Mourão 'bombeiro' ganha espaço na ala militar durante crise

Com aval de integrantes das Forças Armadas, vice se dissocia, em público, do discurso de Bolsonaro pelo fim da quarentena

30 mar 2020 - 05h11
(atualizado às 07h19)

BRASÍLIA — A pandemia do coronavírus levou o vice-presidente Hamilton Mourão de volta ao posto de "bombeiro" de crises do Planalto. Mourão foi o único dos generais quatro estrelas que despacham no Palácio a se dissociar, em público, do discurso do presidente Jair Bolsonaro pelo fim da quarentena. Desta vez, porém, a saída do vice do banco de reserva teve o aval dos representantes mais influentes das Forças Armadas, que condenaram o ataque a governadores e demonstraram preocupação com os panelaços e com o impacto da ofensiva de romper com a estratégia mundial de combate à doença.

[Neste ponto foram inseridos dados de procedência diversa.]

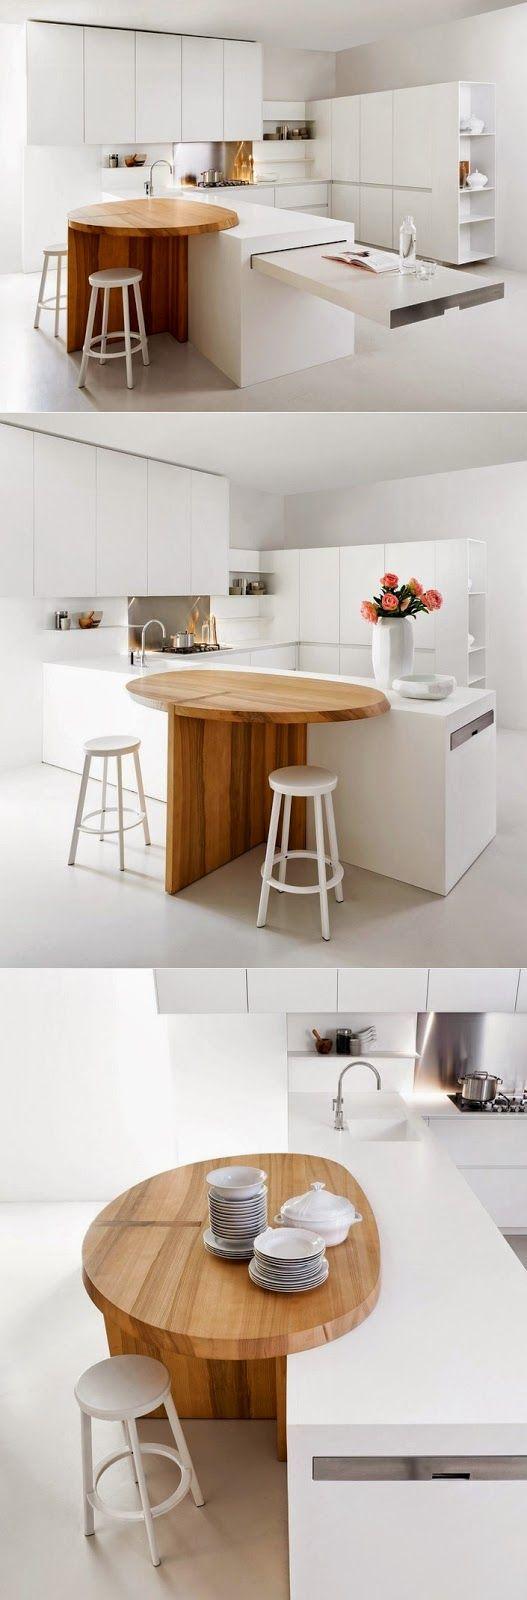 Cool Die besten Ikea k chenplaner online Ideen auf Pinterest Ikea neuss Gefrierschrank mit eisw rfelbereiter und Moderne glaskronleuchter

Presidente Jair Bolsonaro e vice-presidente Hamilton Mourão participam de cerimônia em Brasília
28/03/2019
REUTERS/Ueslei Marcelino
Presidente Jair Bolsonaro e vice-presidente Hamilton Mourão participam de cerimônia em Brasília 28/03/2019 REUTERS/Ueslei Marcelino
Foto: Reuters

Mourão se apresentou como bombeiro, em contraposição a um Bolsonaro incendiário, após repercussões negativas ao pronunciamento do presidente, na terça-feira, 24, contra o isolamento da população. Ao chamar o novo coronavírus de "gripezinha" e "resfriadinho", em cadeia de rádio e TV, Bolsonaro provocou críticas de todos os lados, foi bombardeado nas redes sociais e levou até aliados de primeira hora, como o governador de Goiás, Ronaldo Caiado (DEM), a romper com ele. Até ali, 46 brasileiros haviam morrido com coronavírus.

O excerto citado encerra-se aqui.